The term “hypersonic” typically refers to systems capable of traveling in excess of five times the speed of sound (Mach 5), a convention also adopted by the Chinese military. In more familiar terms, this corresponds to a speed of about 3,836 mph (6,174 kph) at sea level, under “average” atmospheric conditions.
Hypersonic systems can be manned, like the U.S. X-15 rocket-powered aircraft tested in the 1960s, or unmanned. It should be noted that spacecraft reentering the atmosphere and all ballistic missiles with ranges greater than about 300 km fly at hypersonic speeds for at least portions of their flight. This study is primarily concerned with next-generation weapon systems being developed by China that maintain hypersonic speeds for extended periods and have a high degree of maneuverability at those speeds. The physics involved in such high-speed maneuverability present major challenges in areas such as computer modeling, material sciences, and control mechanisms. It is worth bearing in mind, however, that although the focus of research in China in recent years has been on maneuverable ballistic missile warheads and hypersonic cruise missiles that can defeat contemporary antimissile defense systems, historically hypersonic flight research and development (R&D) has encompassed a much broader range of applications, including manned and unmanned reconnaissance, interceptor, and bomber aircraft, as well as civilian applications. Thus, the technologies that emerge from the current hypersonic weapons programs could have far-reaching ramifications for the Chinese aerospace industry across many sub-sectors.
While considered a cutting-edge technology, conceptually, controlled hypersonic flight has been a subject of study in the United States and the Soviet Union/Russian Federation since the 1950s. Practical applications of the technology have been under development since at least the 1960s.
For the United States, concerted study of hypersonic systems appears to have initially focused on reconnaissance. Only five years after Gary Powers’ U-2 spy plane was shot down over the Soviet Union, a planning document for reconnaissance noted that the U-2 was obsolete and that Soviet advances in surface-to-air missiles (SAMs) threatened the A-12 reconnaissance aircraft (SR-71, OXCART). Drones (many of which were downed over Vietnam and China) were perceived as having high vulnerability and limited utility. As a result, hypersonic gliders and powered aerial vehicles were developed by the CIA under the codenames ISINGLASS and ISINGLASS II. As one report put it regarding an early stage of R&D, “The interest is in a boost glide vehicle, air launched from a carrier no larger than a B-52, and capable of a trajectory of 6,000 nautical miles or more.” While eventually canceled, these efforts pioneered an engineering paradigm that all subsequent hypersonic systems have essentially followed.

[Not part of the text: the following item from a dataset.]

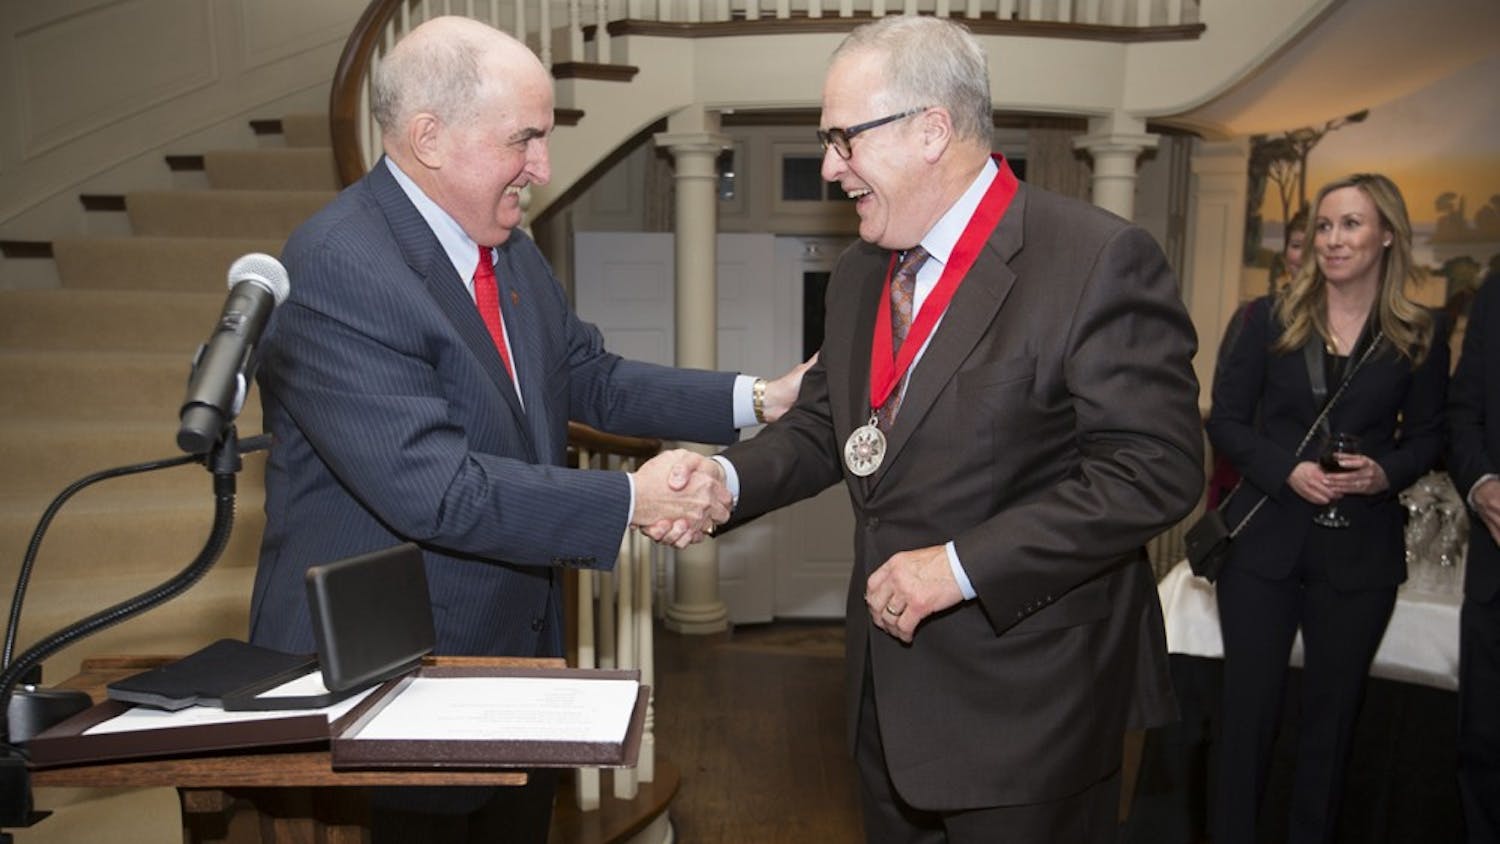 IU President Michael McRobbie awards the President's Medal for Excellence to John Lechleiter. The award is the highest honor an IU president can award and is given to recognize exceptional distinction in public service.

The emergence and rapid development of China’s current hypersonic weapons program appears to have been driven by the shifting strategic balance and technological advancement of its neighbors and the United States. China is now pursuing hypersonic technology on a number of fronts with clear objectives. Militarily, hypersonics fit into a broader arc of China’s systematic development of strategic weapons.